Most likely he will be darker in the summer. Mine did the same thing (I got her last May). When he sheds his winter coat he should go back to what he was (or something close to it). How old is he? I've heard that they tend to get darker with age, but I've also heard that they are all different and some get lighter from year to year and some get darker. So who knows?

Of course keeping his sun exposure minimized in the summer will keep him darker (mine's not a show horse so I don't care) and you can also try supplementing with paprika or "Gold as the Sun" (I think that's the name) which is mostly paprika, but a lot more expensive. Supposedly that will help them shed out darker. Good Luck!


----------



## Honeysuga (Sep 1, 2009)

Most palimonos that are relatively dark grow a lighter winter coat. They shed it back off in the spring and go back to being a darker horse once again.


----------



## EveningShadows (May 18, 2009)

No worries...I have 2 pals and they both do this. I thought it funny the first year but they've always shed out a nice golden color come spring. Bleach over the summer, almost an off-white/pale yellow in winter. 

Example - Dove in summer... (ignore my leaning on her neck please!)









And in winter...


----------



## snoggle (Jun 13, 2009)

Yeah, I actually posted something on here about how mine has black hairs on her muzzle in the summer, but they are gone in the winter. She lightened up so much in the winter that I noticed that she has a small snip, it wasn't visible under the black hairs in the summer. 

It's kinda like getting a new horse twice a year ;-)


----------



## CloudsMystique (Mar 3, 2009)

Definitely normal.

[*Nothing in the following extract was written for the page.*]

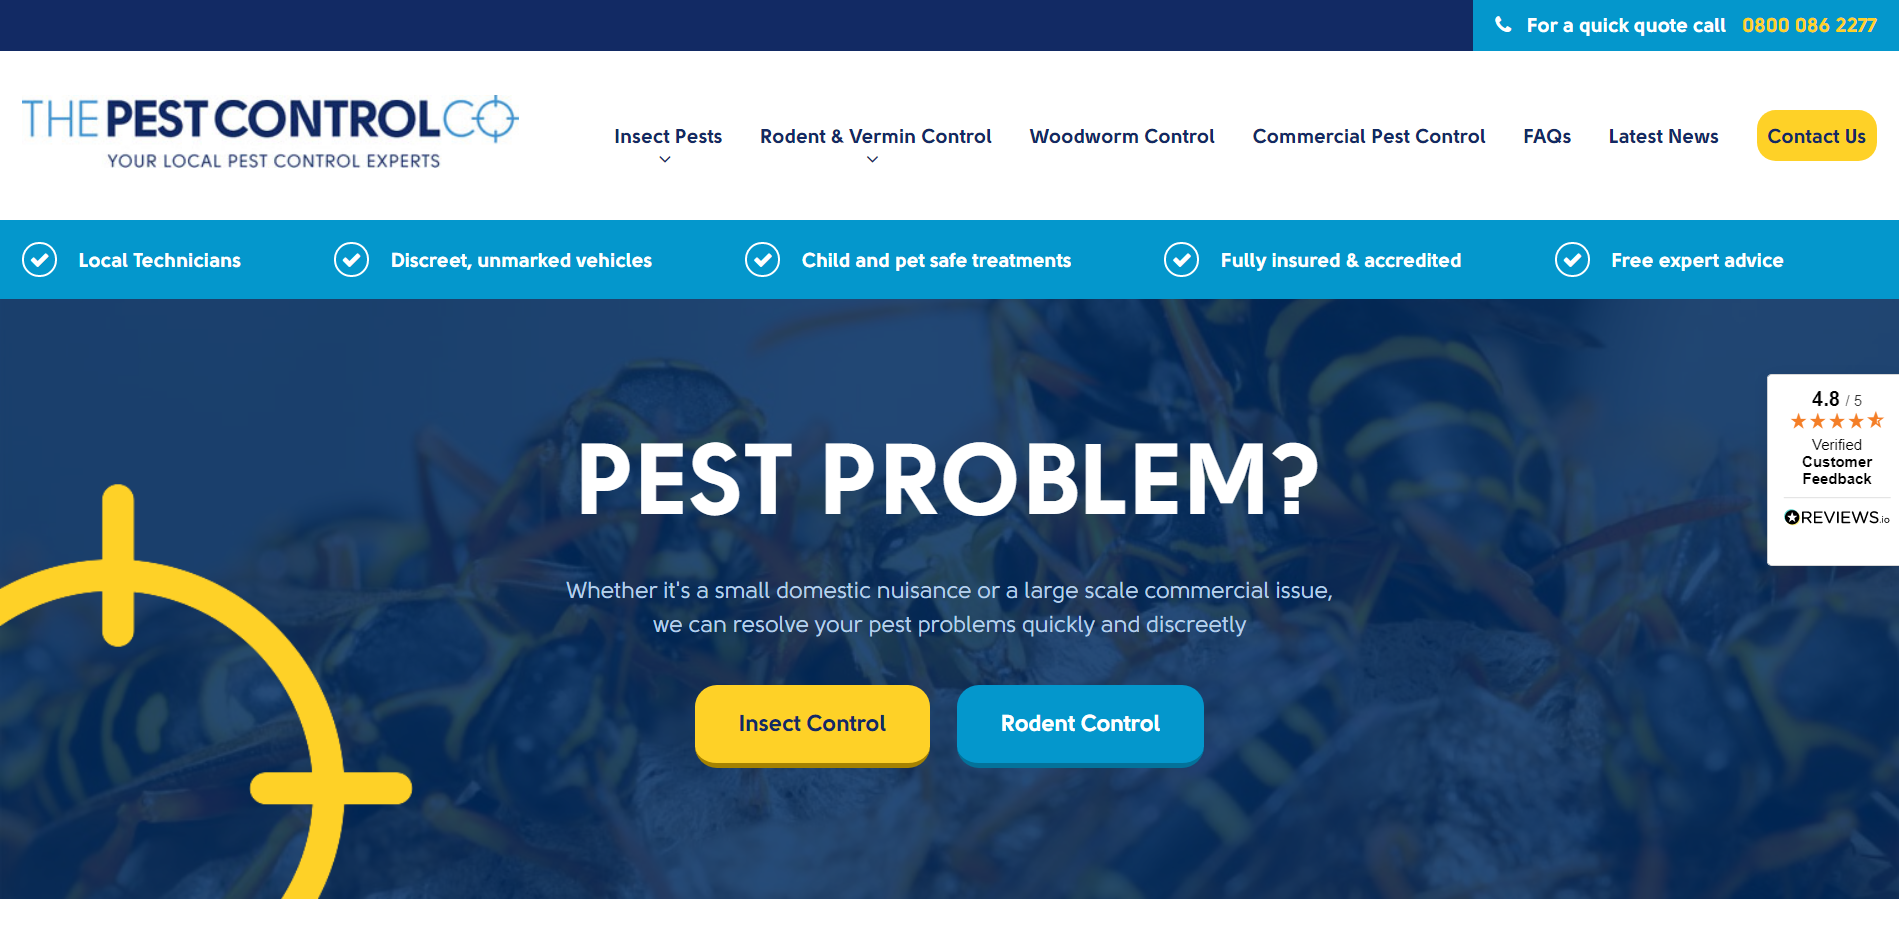 The Pest Control Co

Every palomino I know gets lighter in the winter... some more than others.


Here's my palomino in the summer:










And here he is in the winter:


----------



## haviris (Sep 16, 2009)

He should shed back into his nice dark color.

This is our palomino from Summer,








And Winter,








We don't have bad Winters here, so he doesn't get as fluffy as some, if he did I would expect him to lighten more then he does, but he doesn't really lighten all the much. Now my first palomino was a pale yellow in the summer, and in the winter it use to bug the crap out of me for people to refer to her as the white horse.


----------



## iridehorses (Oct 22, 2007)

Like everyone else who owns a palomino said, Hollywood was a nice golden color in the summer when I got him and is now a light, very dappled color.


----------